Republicans and Democrats, however, have yet to come to an agreement over the bill. President Trump said he didn’t mind chasing a package with “larger numbers” in an attempt to nudge his party’s lawmakers. But Republicans weren’t overly impressed by POTUS’s remarks. Nor were Democrats.

Both sides remain split on the issue as a result.

That hasn’t had an impact on consumer sentiment, though. At least, not according to the University of Michigan’s Consumer Sentiment Index. Economists predicted a disappointing reading of 75.0 for September, but this month’s number clocked-in at a stunning 78.9, easily beating estimates and marking a 6-month high.
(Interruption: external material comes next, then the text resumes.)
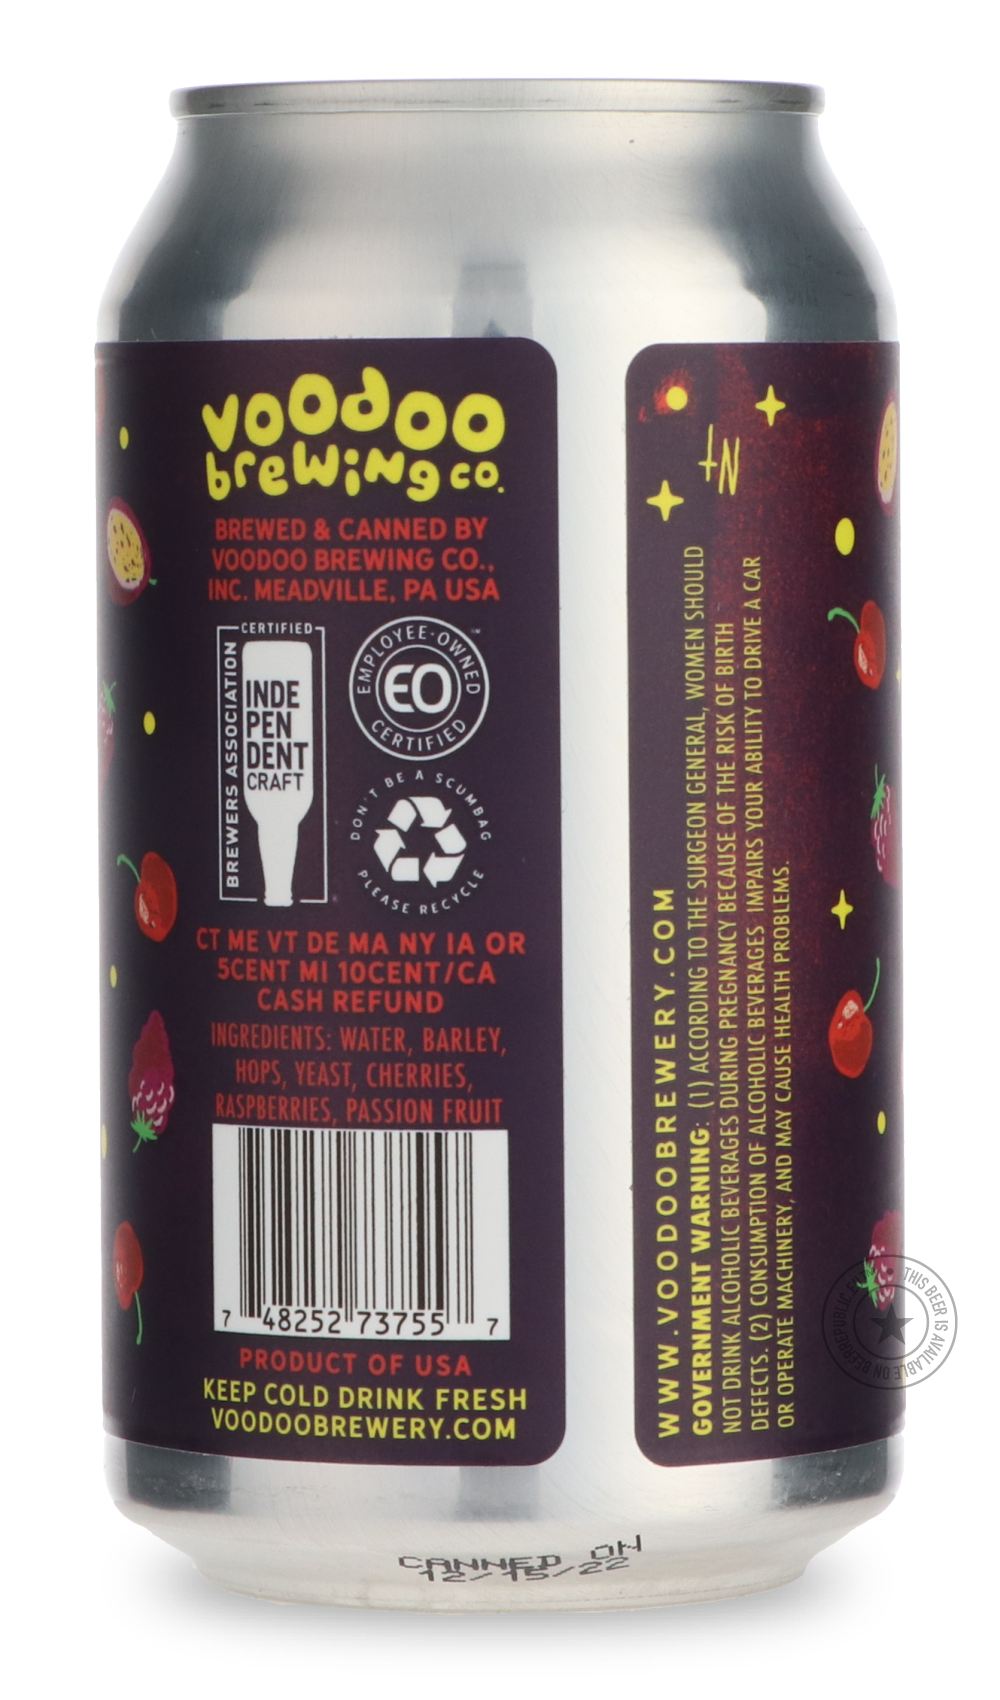 -Voodoo- Voodoo Love Child-Pale- Only @ Beer Republic - The best online beer store for American & Canadian craft beer - Buy beer online from the USA and Canada - Bier online kopen - Amerikaans bier kopen - Craft beer store - Craft beer kopen - Amerikanisch bier kaufen - Bier online kaufen - Acheter biere online - IPA - Stout - Porter - New England IPA - Hazy IPA - Imperial Stout - Barrel Aged - Barrel Aged Imperial Stout - Brown - Dark beer - Blond - Blonde - Pilsner - Lager - Wheat - Weizen - Amber - Barle
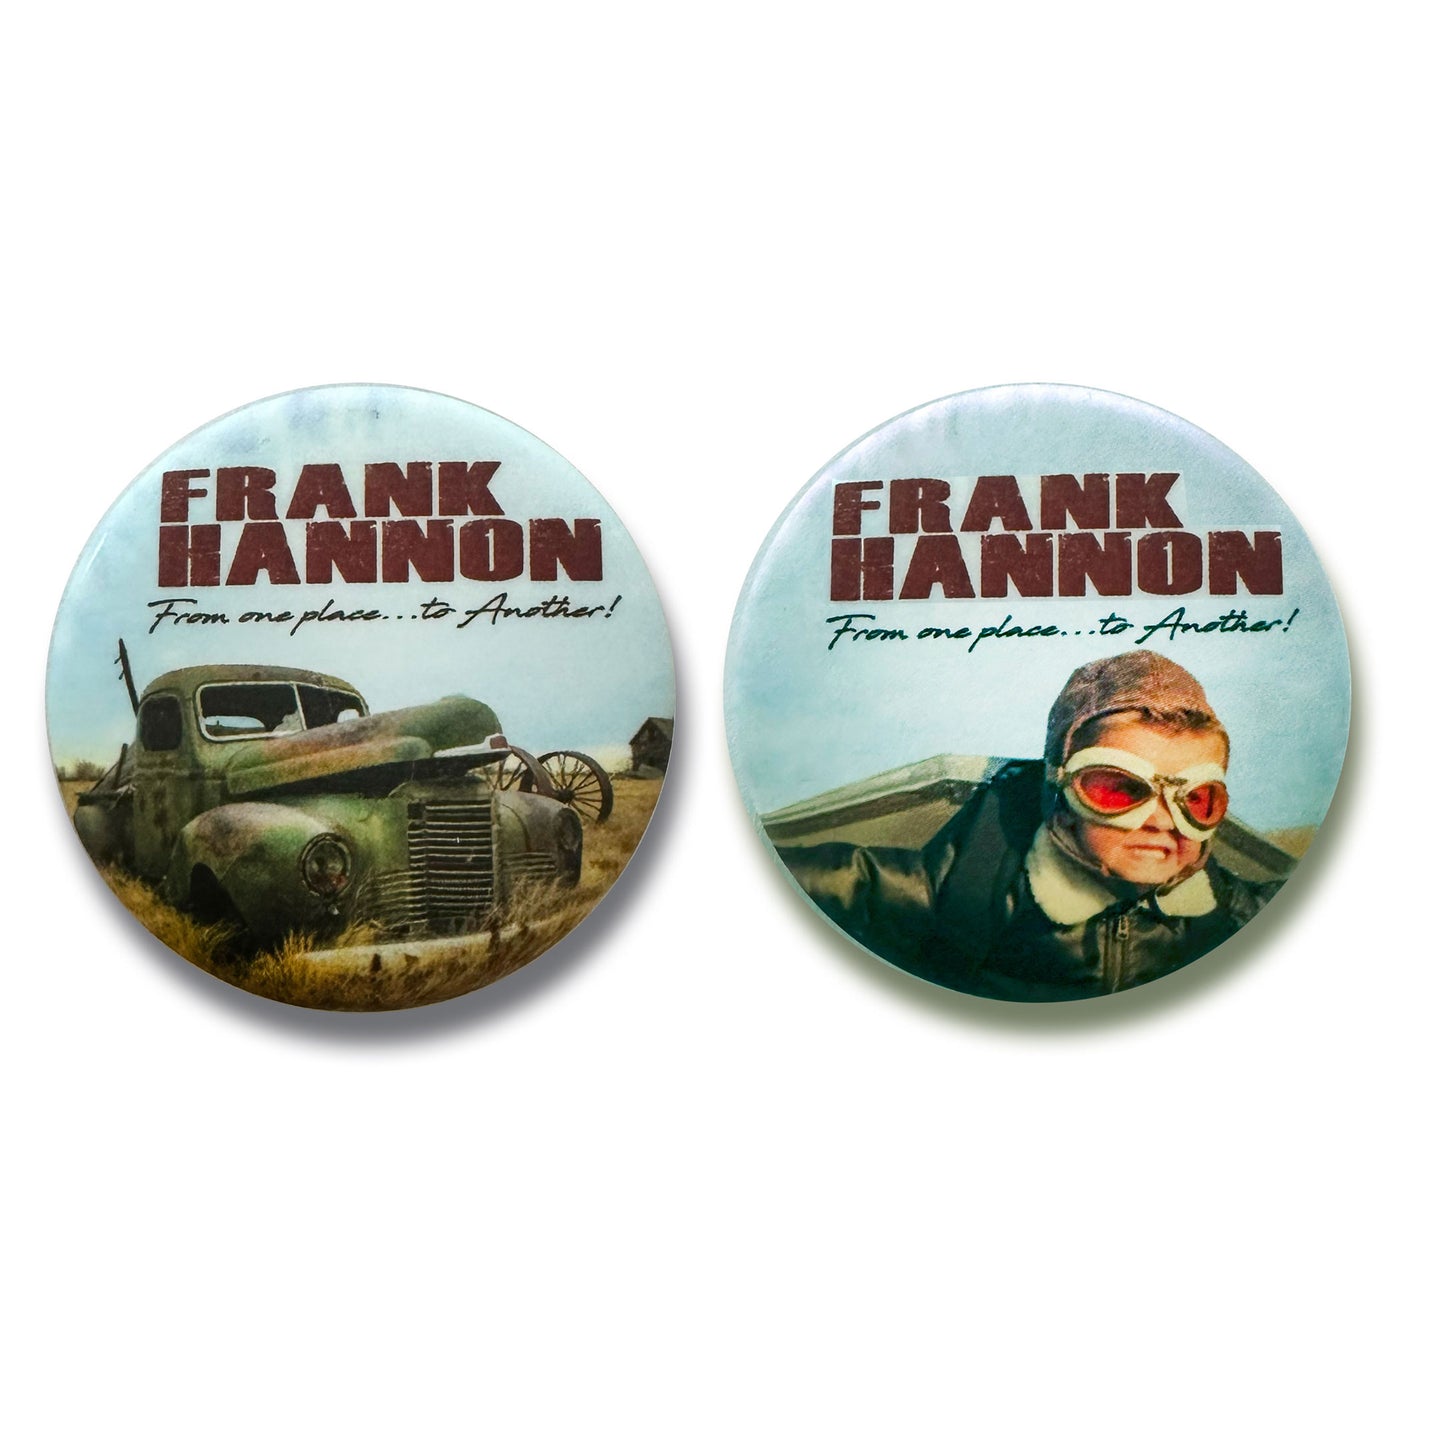 "From one place...to another!, Vol. I & 2" 1.5" Pinback Button Set

Even more shocking was the fact that only 16% of respondents expected the economy to worsen for the remainder of 2020. The last time the survey logged a number that small was in 2015.

But Richard Curtin, the survey’s director, cautioned investors that a couple of paradigm-shifting events could quickly skew things negative.

“Over the next several months, there are two factors that could cause volatile shifts and steep losses in consumer confidence: how the election is decided and the delays in obtaining vaccinations,’’ Curtin said in a statement.

So, for the time being, it seems consumers and investors alike aren’t so sure that a full-blown downturn is waiting in the wings. The market has seen sentiment turn on a dime in the past.

It’s not unrealistic to believe it could happen again.

However, it also might be a good idea to be ready to bail at the first major sign of weakness. Plenty of traders already have one foot out the door.

When they start to exit the market in droves, following them prior to a bigger sell-off will be the wise move.

Even if a surprise stimulus deal gets here sooner than expected.